Avocados from Mexico. Cherries from Canada. Lamb from New Zealand.
Imported candy, foreign condiments, and rare snacks — the average American has developed a truly international palette for imported food. Improvements in the cold chain have led to kitchens being stocked year-round with foods that our great-grandparents would never dream of seeing in the local supermarket. Back in 2016, 19% of the American food supply was imported. Even as the local food movement grows, imported food isn’t disappearing.
Have you ever stopped to wonder how all that food ends up on your table? How do we know it’s safe? And what, most relevantly, do importers have to keep in mind when importing our food?
What are the Food Import Regulations?
A lot of food crosses customs. When 325 million people get at least 19% of their food supply from other countries, customs simply can’t check every single container of food. Estimates say only around 1-2% of the food crossing the American border is checked.
Before you panic about food safety, wait! The reason why so few shipments are assessed at the border is because the imported food safety regulations in the United States focus on prevention, not reaction.
This is a relatively new development; the regulations that food importers follow, the Food Safety Modernization Act (FSMA), were launched in 2011. Its sister, the Voluntary Qualified Importer Program, has been accepting applications since October 2018 and is a fast-lane alternative to the FSMA. (If you’re a food importer who isn’t sure if VQIP is for you, we can help you out.)
The Food Safety Modernization Act
The FSMA represented the first comprehensive overhaul of food safety regulations in decades — about seven decades, in fact. It doesn’t just touch on imported food, but rather overhauls and modernizes food safety across the board.
Section 301 of the FSMA concerns imported food. The Foreign Supplier Verification Program (FSVP) rule states that importers are the first responsible parties for imported food safety. Any imported food has to be as safe as the food that’s produced domestically, and they have to prove it before it can cross the border. This can include third-party audits or their own inspections; documentation should detail risk assessment, supplier verification activities, and corrective action when needed.
In practice, this means the importer is responsible for:
- Developing and using a Foreign Supplier Verification Program
- Performing hazard analyses for each type of food
- Evaluating risks from the food and the supplier
- Assessing suppliers and conducting supplier verification activities
- Identifying that the supplier has been verified with an FSVP
- Reevaluating the program at least every three years to keep it up to date
- Applying corrective measures when necessary
The Voluntary Qualified Importer Program
Audits performed as a part of an importer’s FSVP don’t need certifications. If an importer wishes to fast-lane their shipments, however, the FDA requires a certification from an accredited auditor.

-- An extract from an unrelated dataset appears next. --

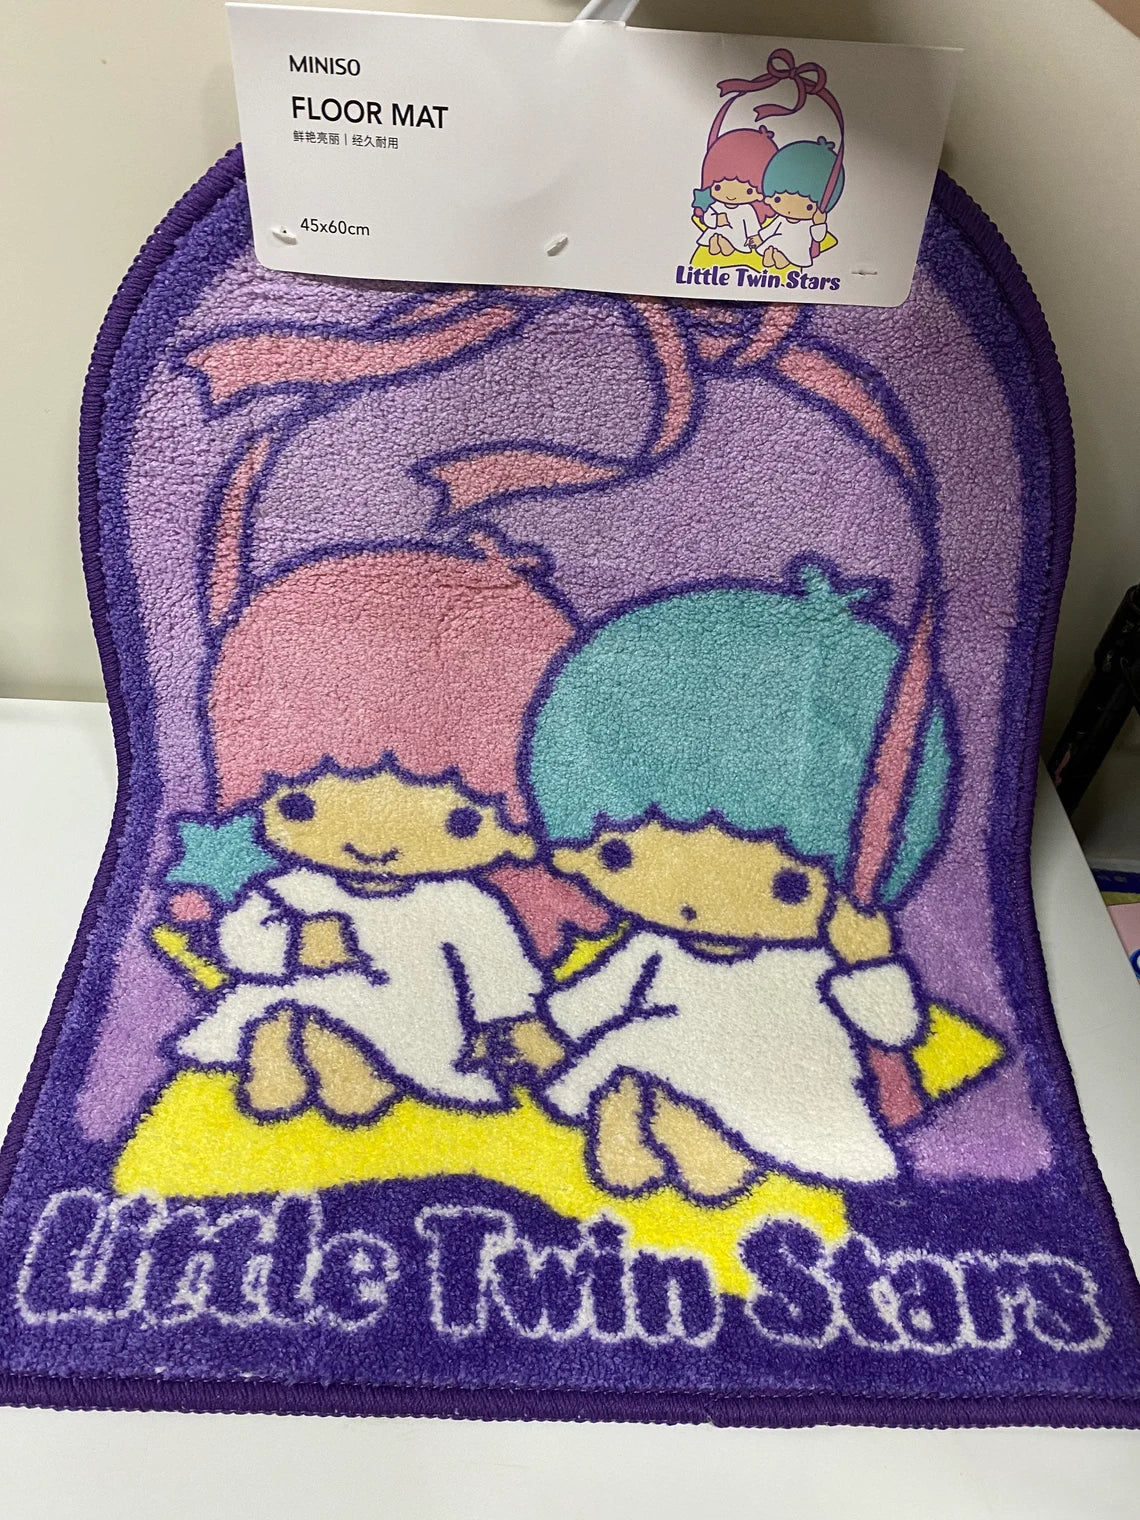 Sanrio Little Twin Star Floor Mat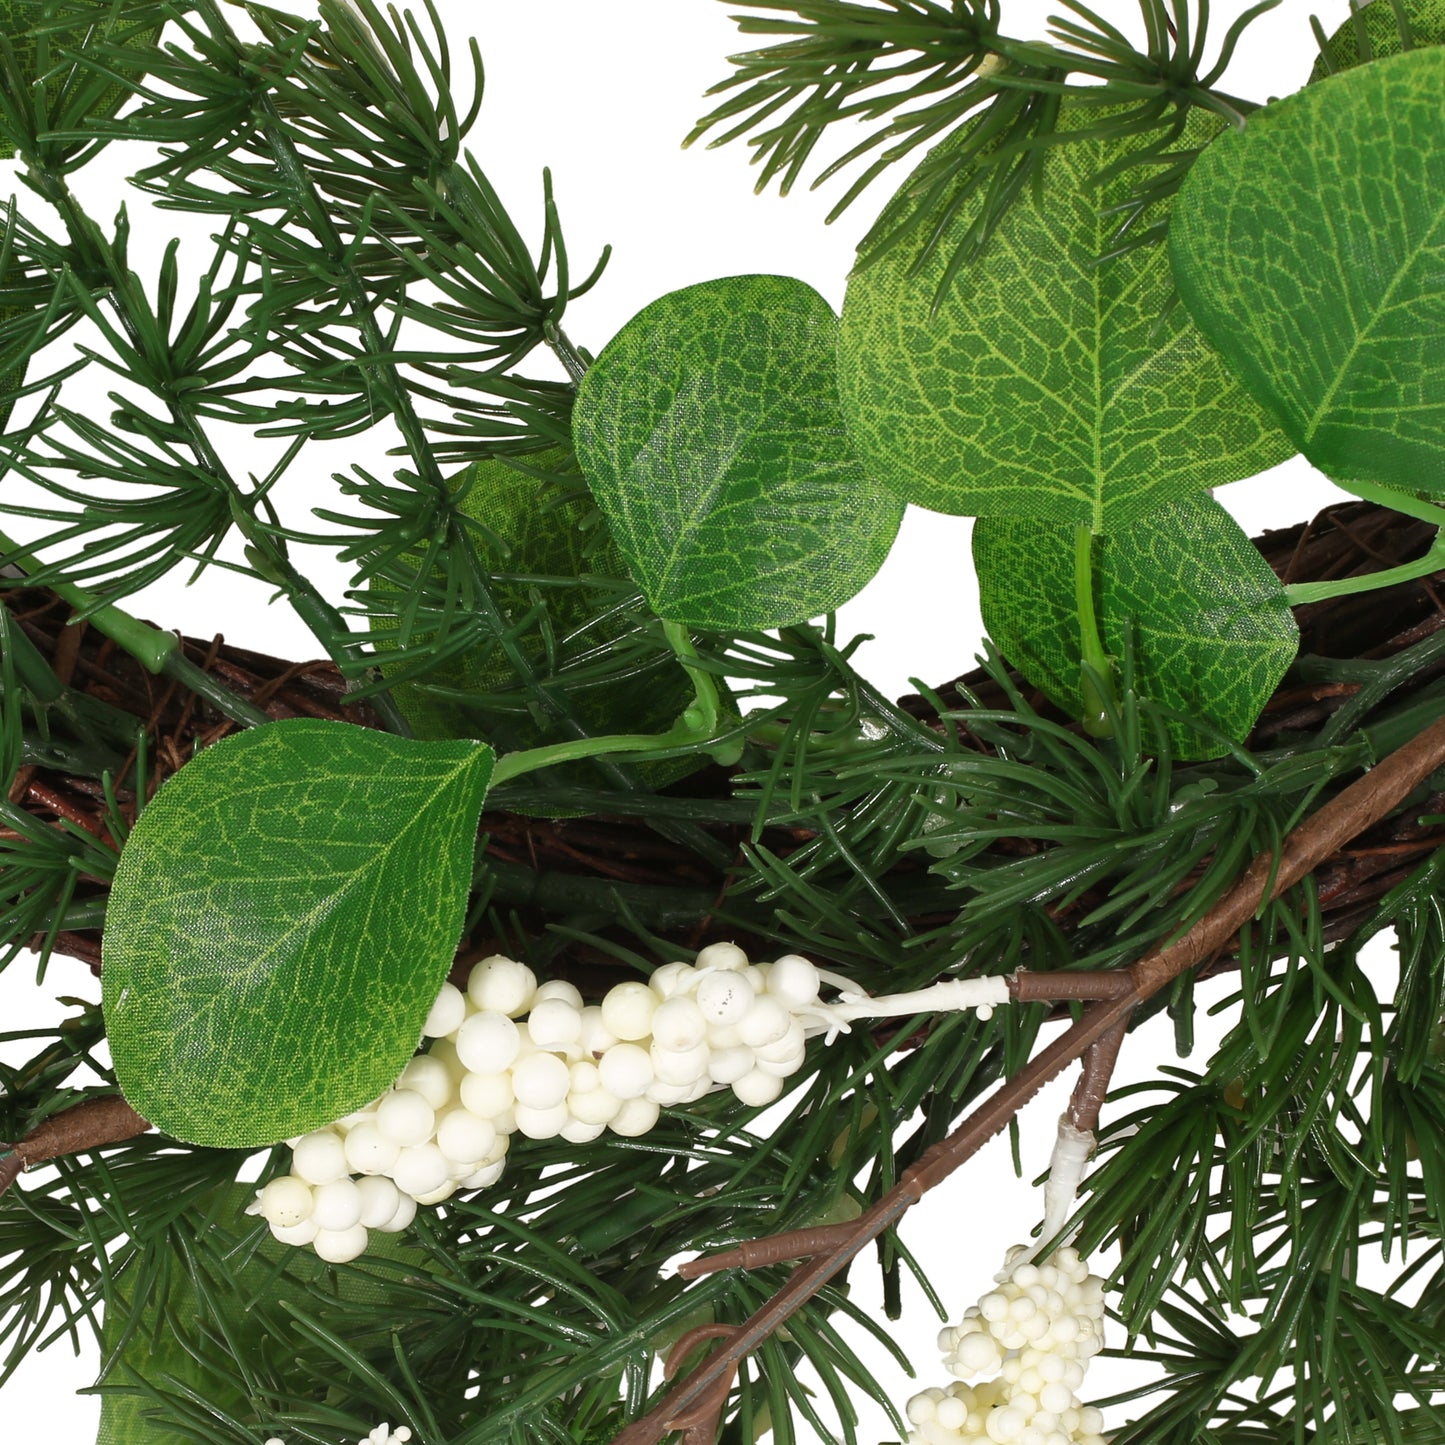 Loveren 25.5" Eucalyptus and Pine Artificial Wreath with Berries

This is a new, fee-based program — it only opened up for applications in October 2018. As of yet, it’s not in full swing; the first importers are expected to submit their applications early in the 2020 fiscal year.
To qualify for VQIP, an importer must meet certain criteria:
- A 3-year history of importing food to the United States
- An import catalogue that does not include foods subject to import alerts or Class 1 recalls
- A Data Universal Numbering System number
- A paperless filer or broker with an acceptable rating from their last FDA Filer Evaluation
In addition, the importer in question can’t be subject to any ongoing administrative or judicial actions from the FDA, can’t have been the subject of any penalties from CBP (for the last 3 years, anyway), and has to have current certification for the foreign food suppliers.
If an importer can meet the criteria, participating in VQIP looks like it will have some tasty benefits. It’s a fast-lane for clearance, so food importers will be able to import products with greater speed and predictability.
A predictive screen tool will immediately release nearly all VQIP shipments; the sole exceptions will be when there is a public safety concern they need to test for, or when customs performs a general risk assessment. While VQIP has yet to be put into practice, it looks like a smart solution for regular food importers.